An interesting article appeared in the December 22, 2007 issue of the British Medical Journal. In that article, the authors, Rachel C Vreeman, fellow in children’s health services research of the Indiana University School of Medicine, and Aaron E Carroll, assistant professor of pediatrics Regenstrief Institute, Indianapolis, Indiana, tackled the seven most common medical myths.
The authors researched each of these common myths and reported on them in the BMJ article. The synopsis of their findings is listed below.
1) People should drink at least eight glasses of water a day The researchers noted that the 8 glass number is seen in many places in the popular press. However, they found that this number actually came from recommendations first put forth in 1945. In those original recommendations it was suggested that adults should have 1 milliliter of water for each calorie of food, which equates to about 2.5 liters daily or about 8 glasses of water. However, the researchers note that one important sentence in the original recommendations is commonly overlooked. That sentence reads. “Most of this quantity is contained in prepared foods.” With this discovery and other information they uncovered the article notes, “studies suggest that adequate fluid intake is usually met through typical daily consumption of juice, milk, and even caffeinated drinks.”
2) We use only 10% of our brains The authors found that this myth goes back as far as 1907. This myth probably had more to do with the desire for self improvement than the actual amount of the brain being used. The authors note that this myth is totally false and there are no unused or dormant parts of the brain.

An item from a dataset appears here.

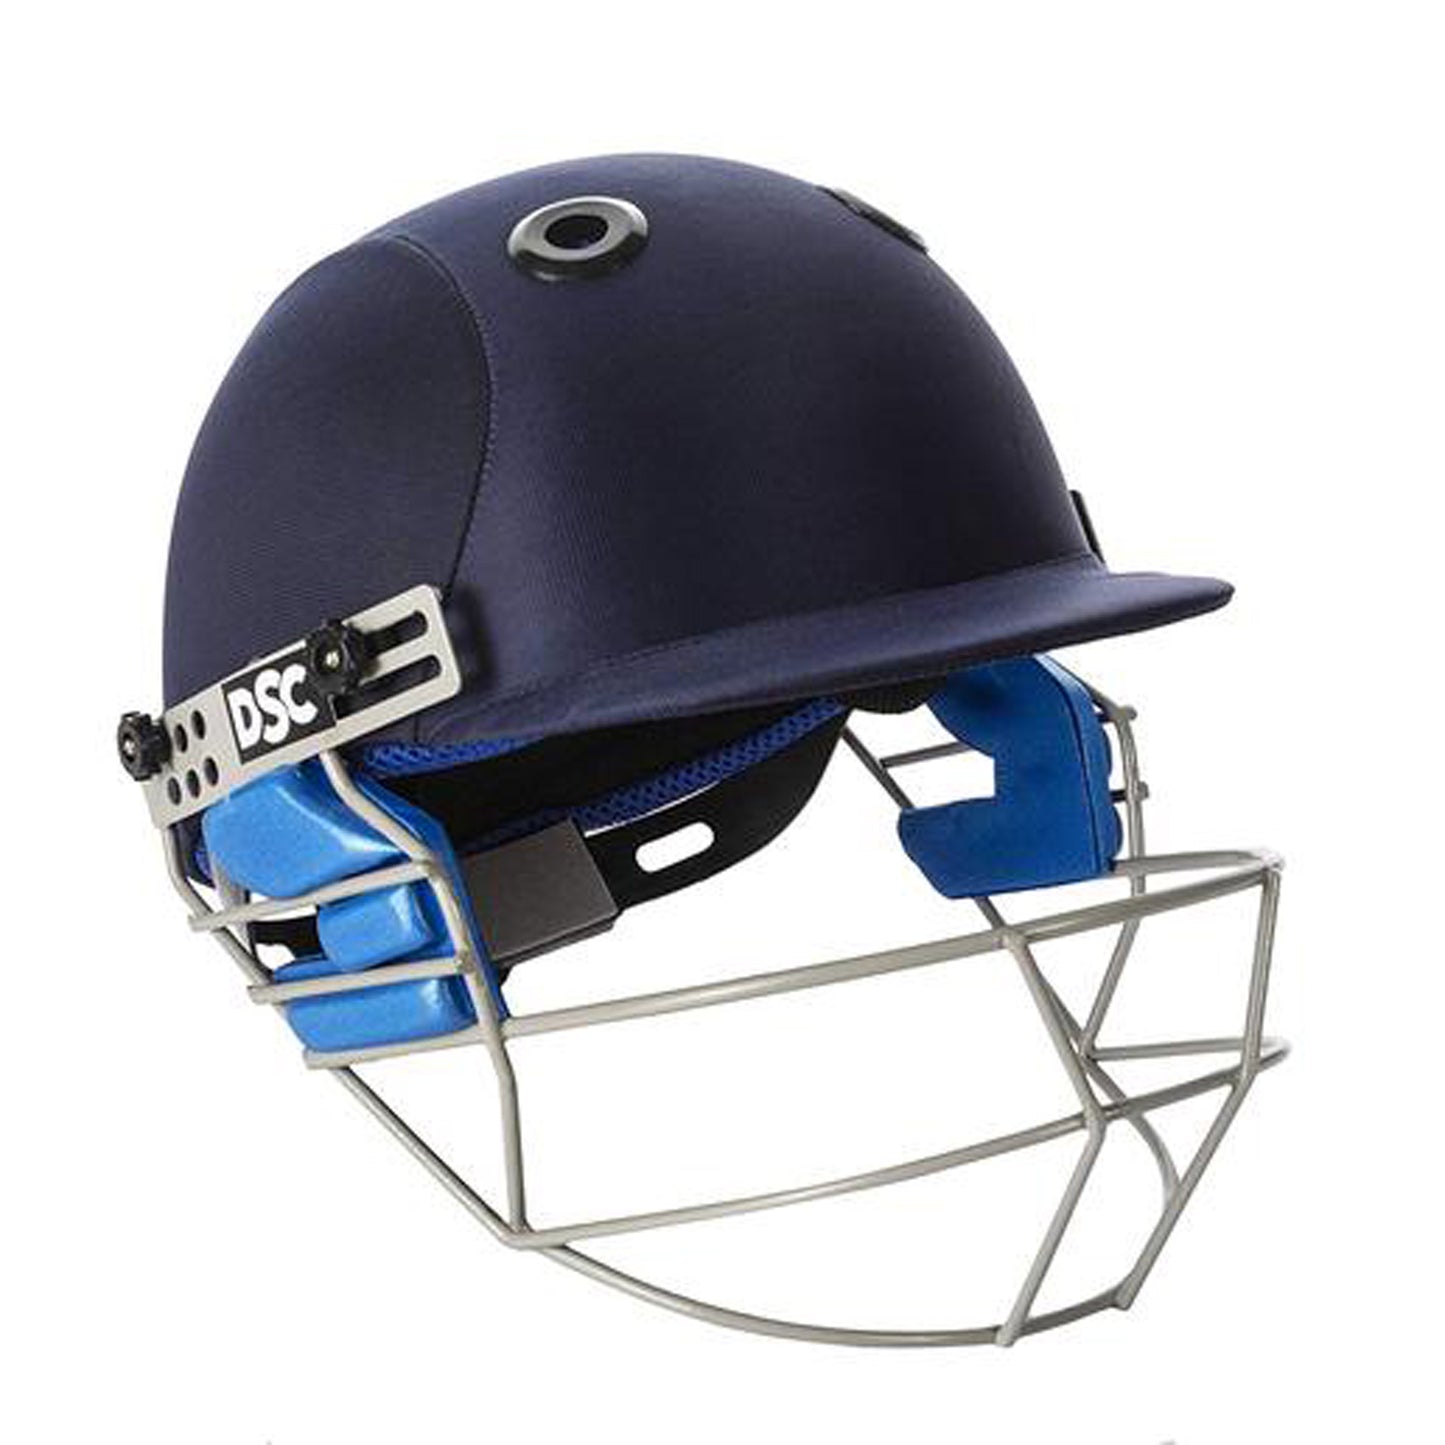 DSC Guard Cricket Helmet - Best Price online Prokicksports.com
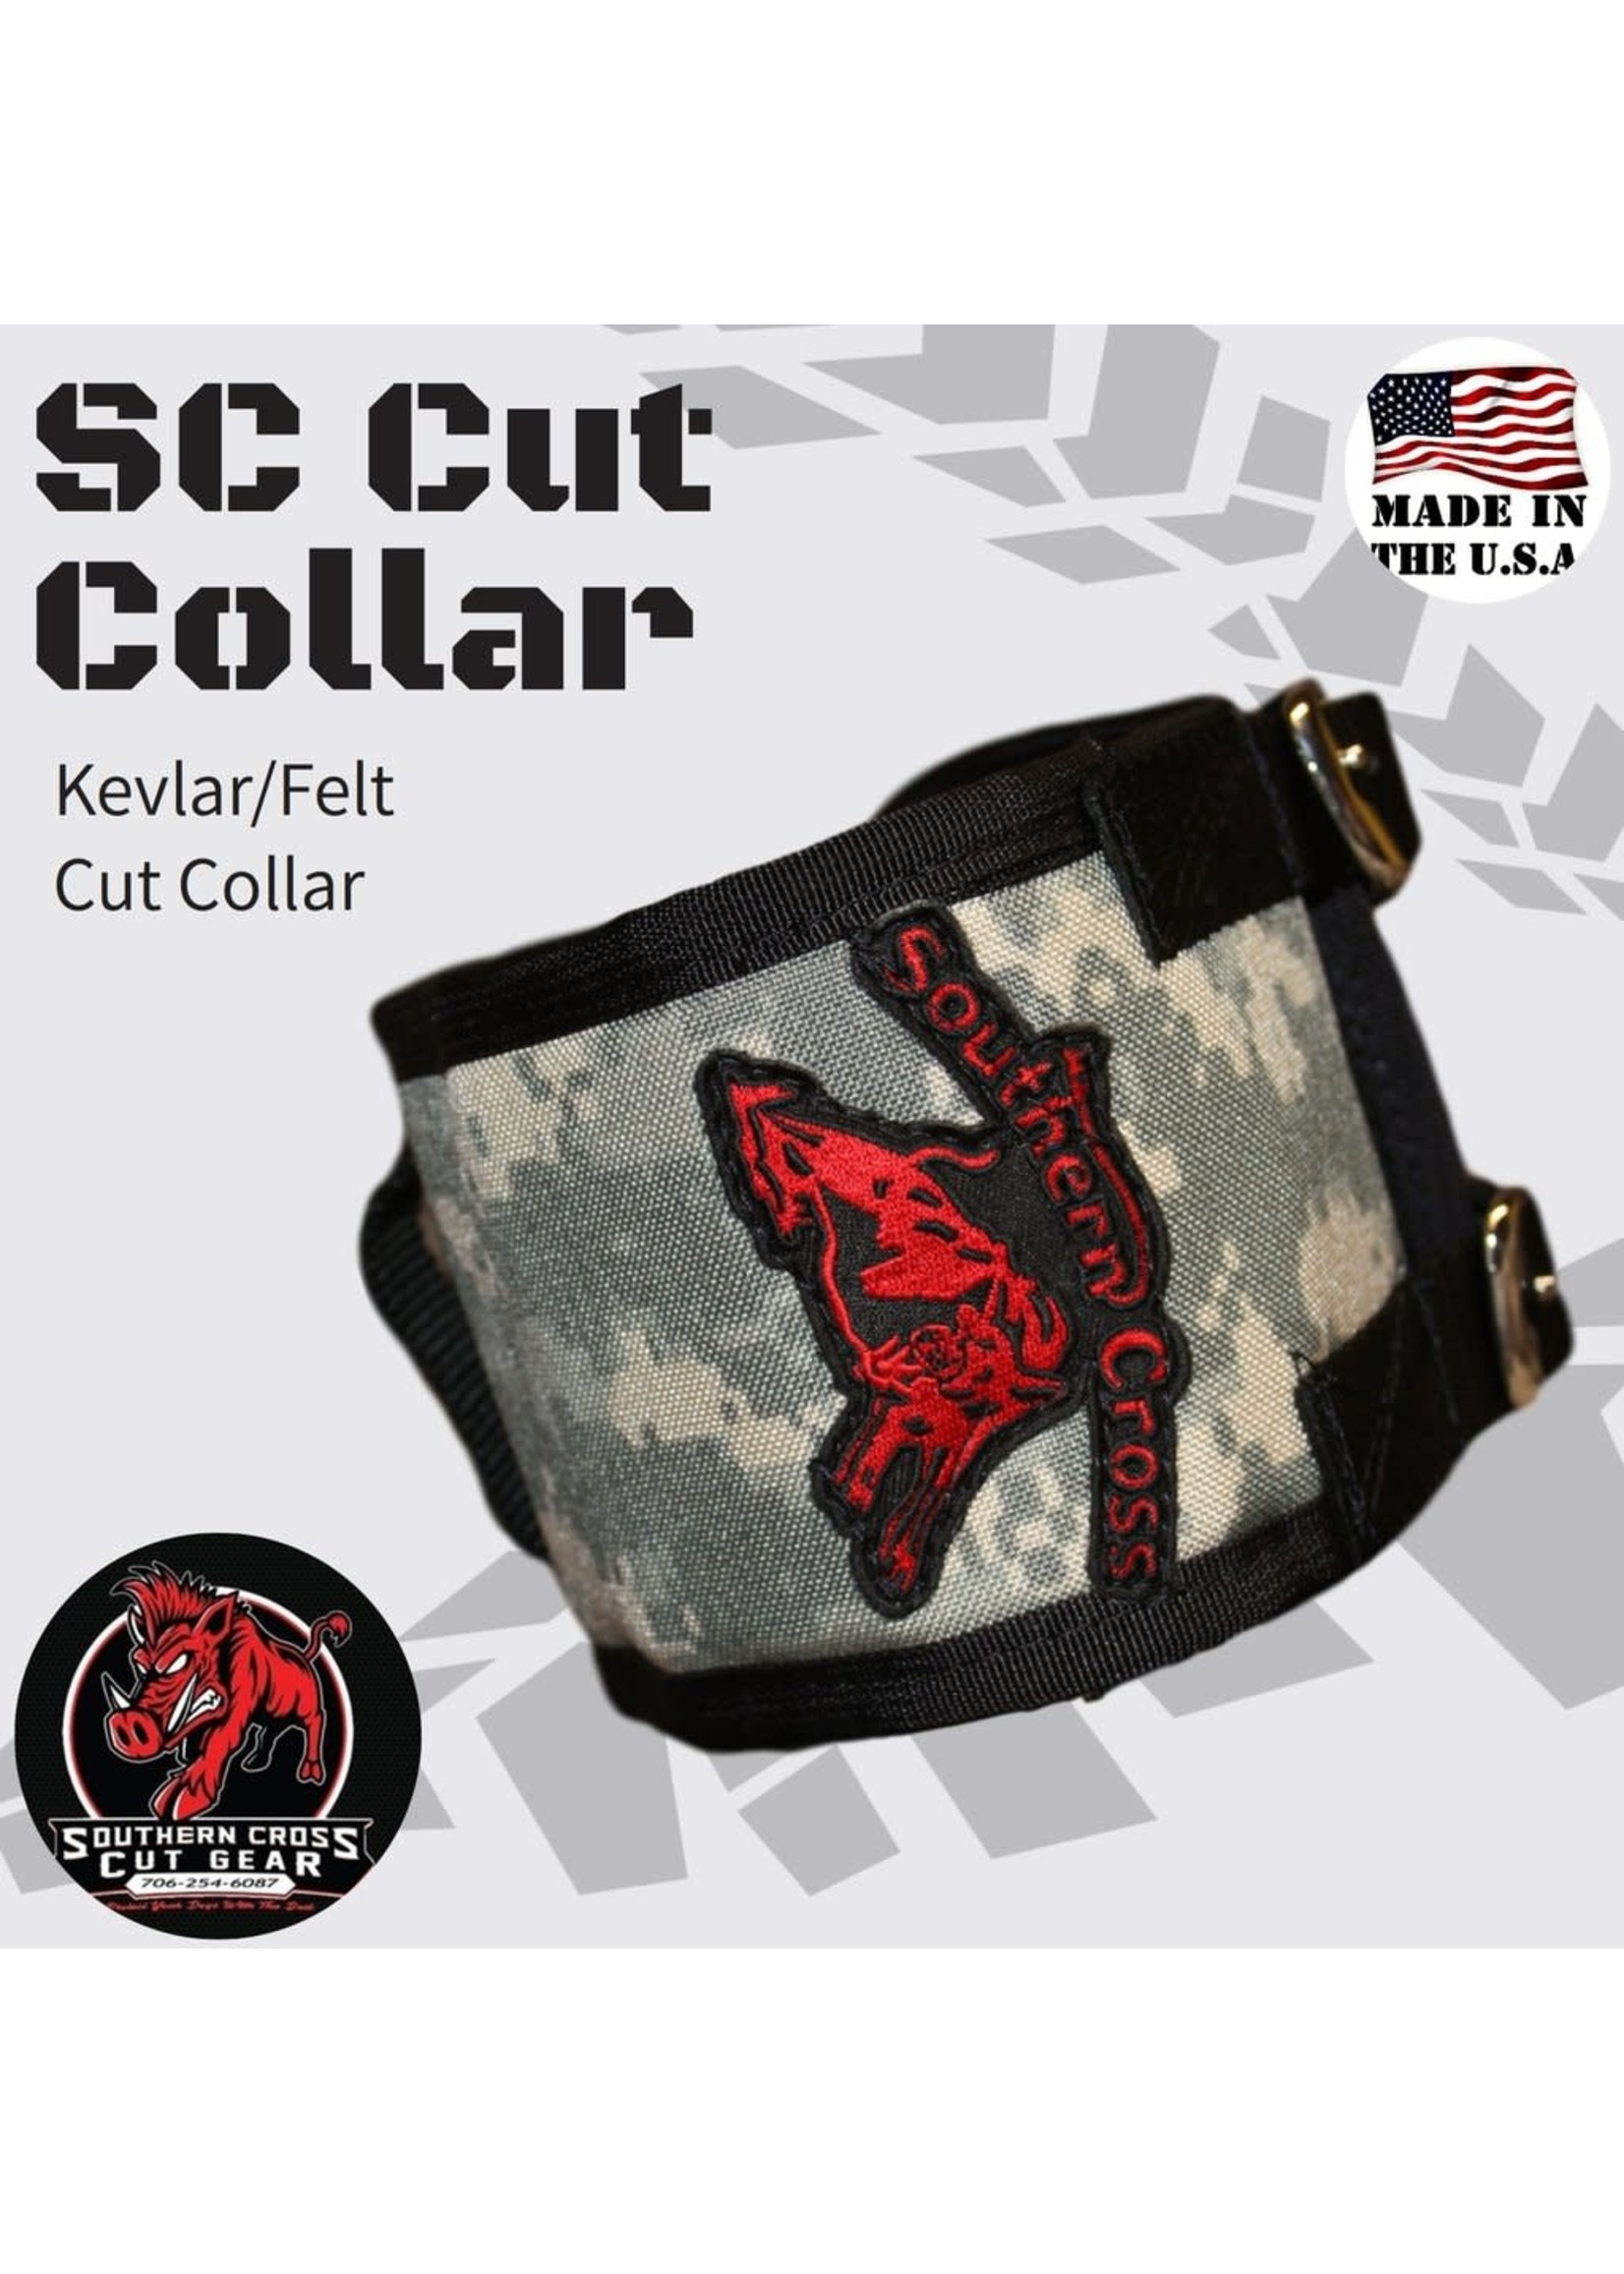 Southern Cross Cut Gear Southern Cross Cut Gear - Cut Collar Small

3) Hair and fingernails continue to grow after death Again this is untrue. The authors note that dehydration of the body after death may lead to skin retraction which may make the hair and fingernails appear to be more pronounced and therefore look like they have grown.
4) Shaving hair causes it to grow back faster, darker, or coarser The authors state that this myth continues to be carried by popular media. However, they note that this myth has been scientifically disproved in multiple studies dating back as far as 1928. They clearly state, “recent studies confirm that shaving does not affect the thickness or rate of hair regrowth.”
5) Reading in dim light ruins your eyesight The authors note that reading in dim light can create eye strain and decreases the rate of blinking which can lead to discomfort. However, they note that none of these symptoms persist. After consulting many experts, the authors conclude, “reading in low light does not hurt your eyes.”
6) Eating turkey makes people especially drowsy The authors note that this myth is based on the fact that turkey contains tryptophan, which does contribute to sleepiness. However, they note that turkey contains no more tryptophan than chicken or ground beef. They explain that the sleepiness is more likely related to the volume of food consumed when turkey is eaten as a holiday meal.
7) Mobile phones create considerable electromagnetic interference in hospitals This may be the only myth that could be true. Although the researchers could find no scientific evidence to support this myth, there have been a few reported cases of equipment malfunction in hospitals that could be attributed to cell phones. As a result, and probably precautionary, many hospital have banned cell phones in critical areas.